* **Assigned task**
Copy out exactly the lines beginning with the one that contains "No Bake Chocolate" and ending at the last line of the listing, skipping any pictures.

* **Data provided**
------------------------------------

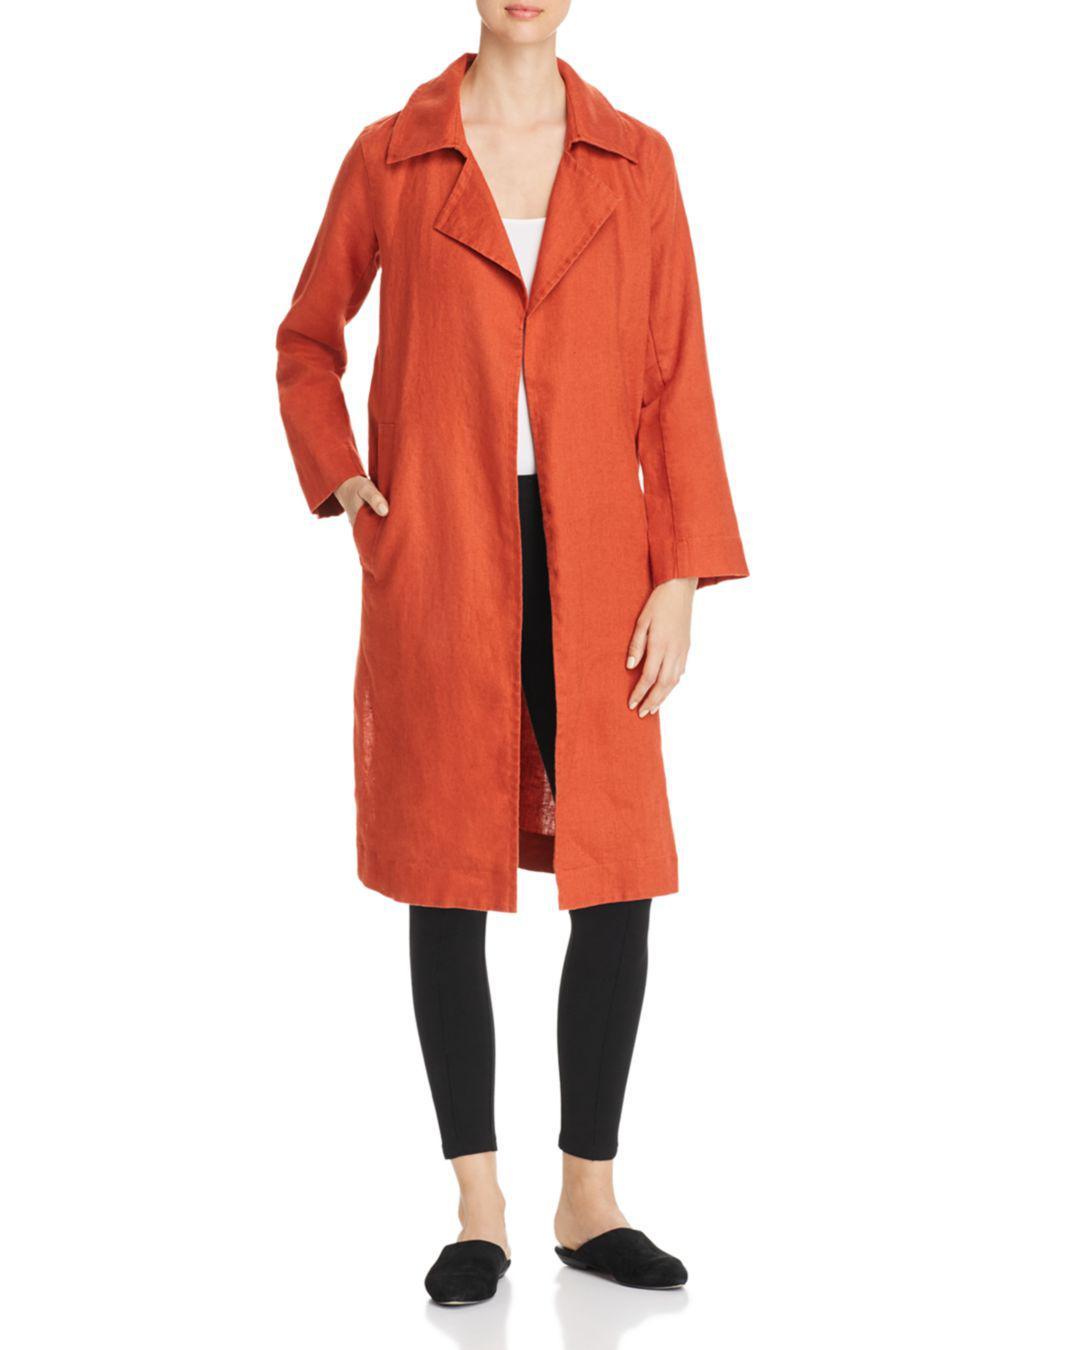 19f5b6fc071 Lyst - Eileen Fisher Organic Linen Open Trench Coat in Orange
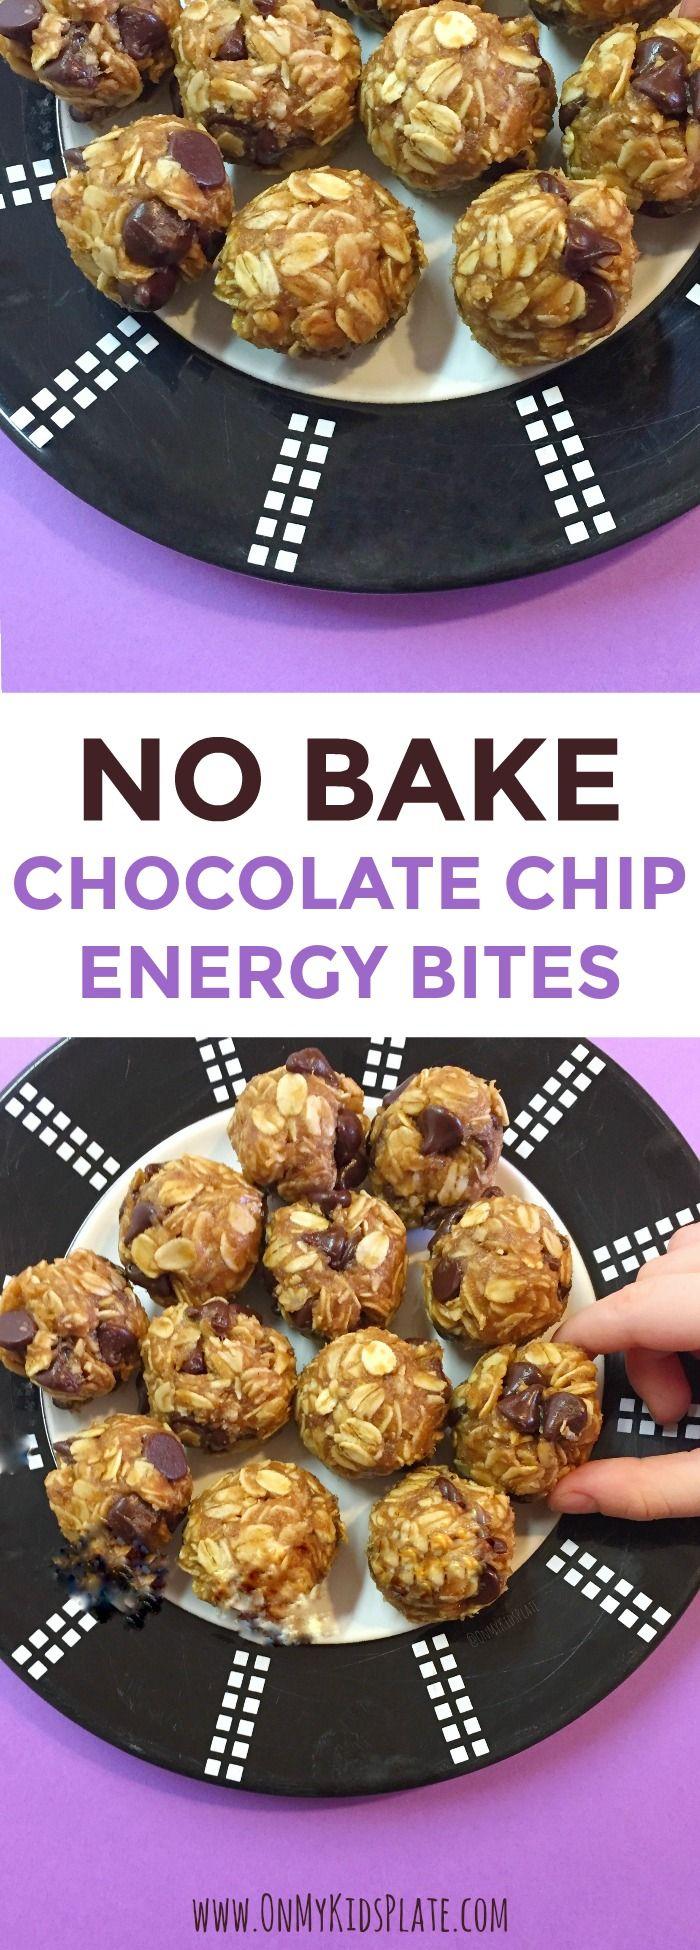 No Bake Chocolate Chip Energy Bites - On My Kids Plate
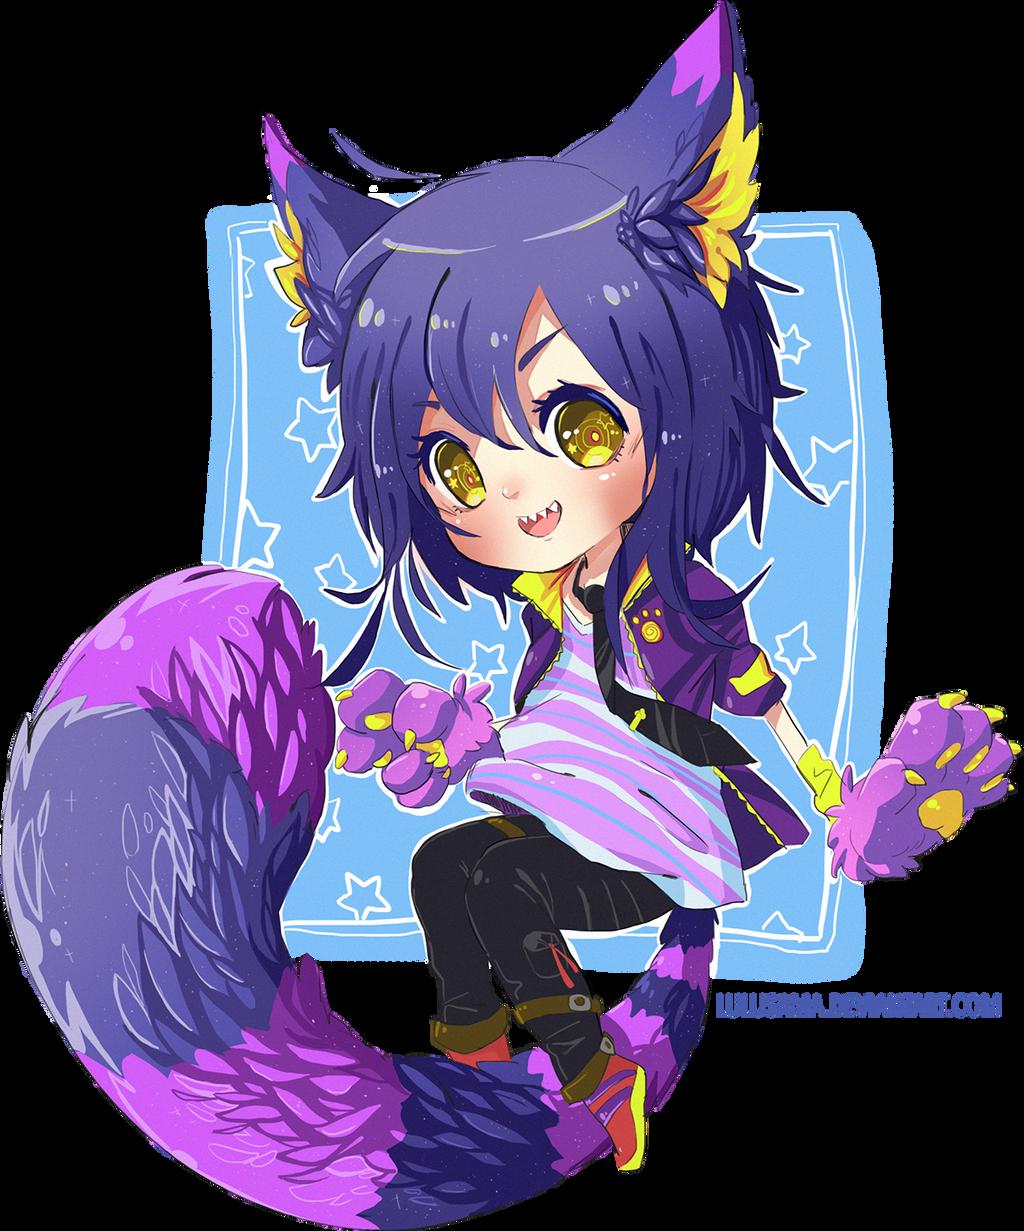 Lulusama's Profile Picture

------------------------------------

* **Exercise output**
 No Bake Chocolate Chip Energy Bites - On My Kids Plate
 Lulusama's Profile Picture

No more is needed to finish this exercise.